Recognising the need to speak quickly, Sam tried to get his most important points across to a brother too angry to listen to him. 'I don't take killing innocent people lightly, Dean, but as you once said the things we are willing to do for those we love is sometimes scary. I lost my mother to some powers and a destiny that I never chose; my father's soul when I didn't obey his orders to kill him – because Dean he would still have died but he would have taken the demon with him and been saved from going to hell as part of a deal to save your life later from that same demon - and I'm losing you because I chose to put my principles above the principles of hunting – don't hesitate at the kill. I'm through with losing and I need this message to go out unambiguously to whoever is listening – I willexact the cost of going through with this deal from every supernatural being in heaven and hell and every point in between – and I will keep on doing so, till I get some higher power – demon or angel – to break the deal.
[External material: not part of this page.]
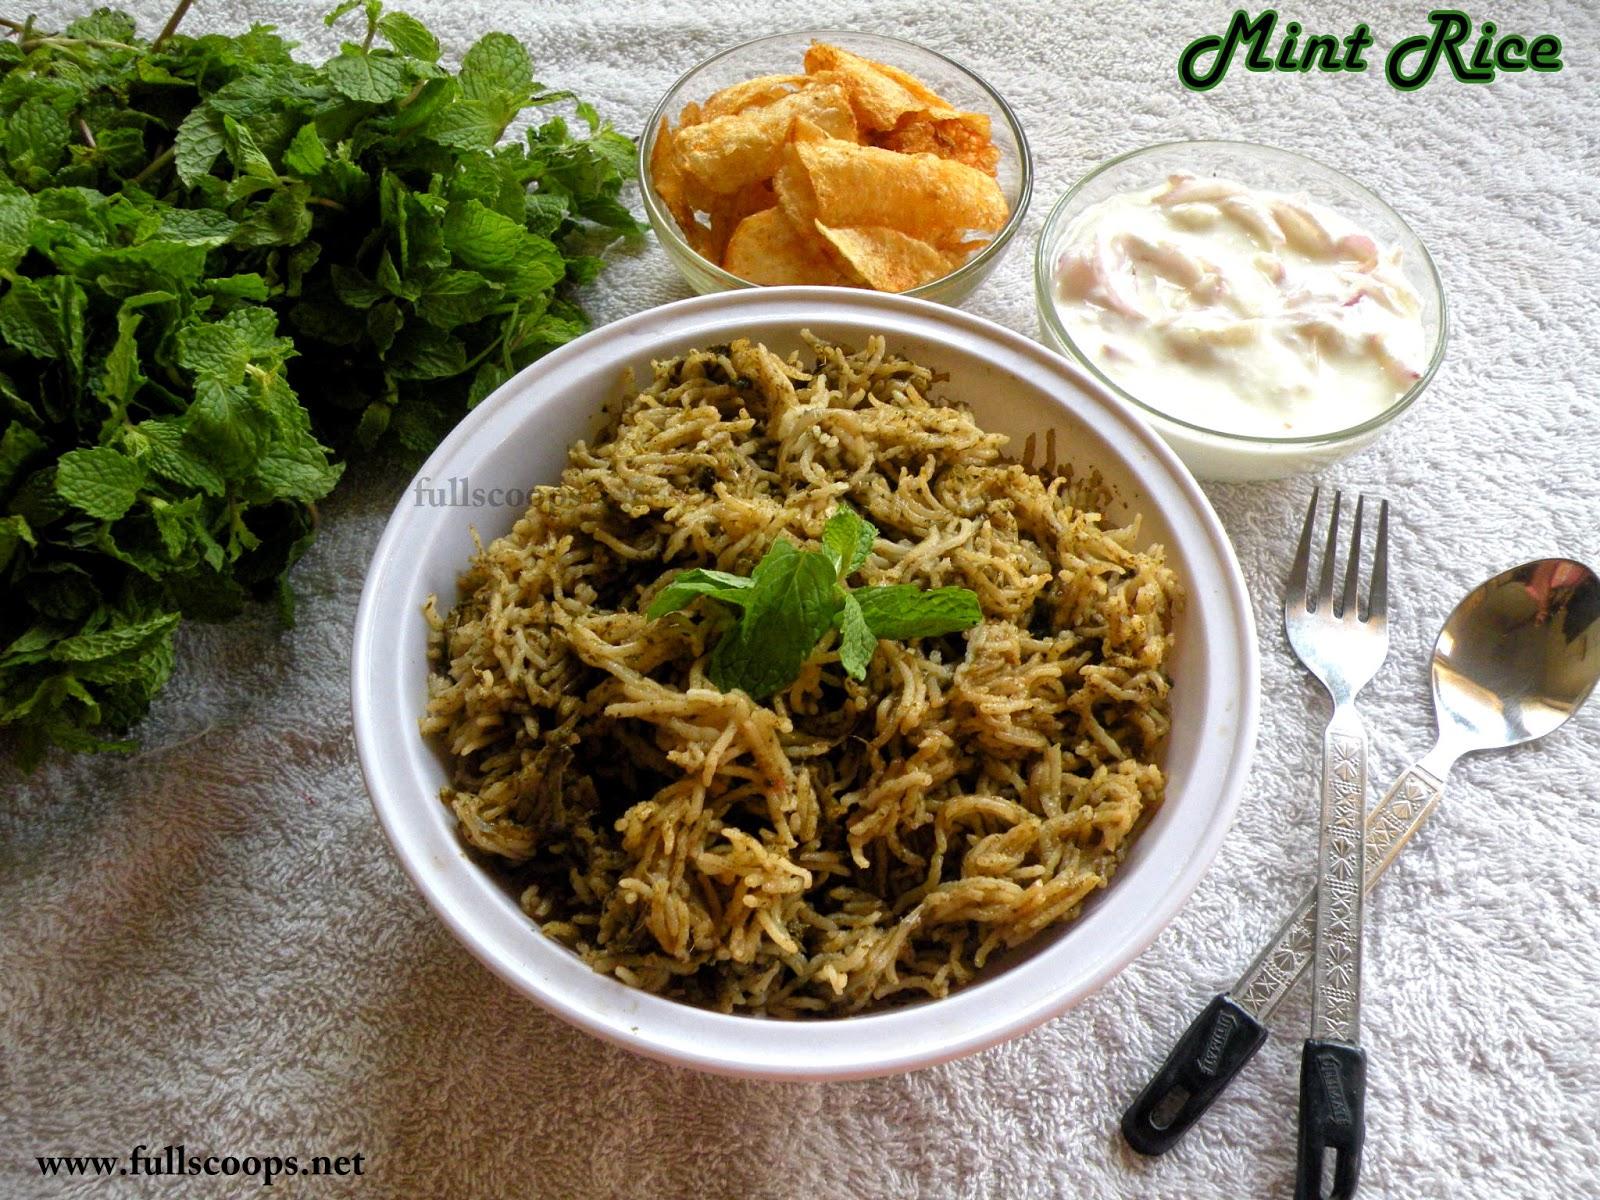 Mint Rice - 2

And I am not going to let you or anyone else stop me.'
Long after the deal was broken, Dean would remember the echo of Sam's words and the conflicting emotions they evoked in him - fear for his brother's life and soul, anger at Sam's recklessness, shame at hurting so badly the only family he had left, and the reluctant pride in Sam's strength, courage and determination. But what he remembered most of all was the overwhelming warmth of being loved and cherished, as he had never felt before. All his life he had known and accepted that he would do anything, sacrifice everything for Sam; that day he accepted for the first time that the same was true for Sam, that what Sam would not do for anyone else, he would do unhesitatingly and unconditionally for Dean.
While neither speaks of it openly, Sam remembers the day he killed the Crossroads Demon as one of the worst days in his life; and Dean remembers it as one of the best.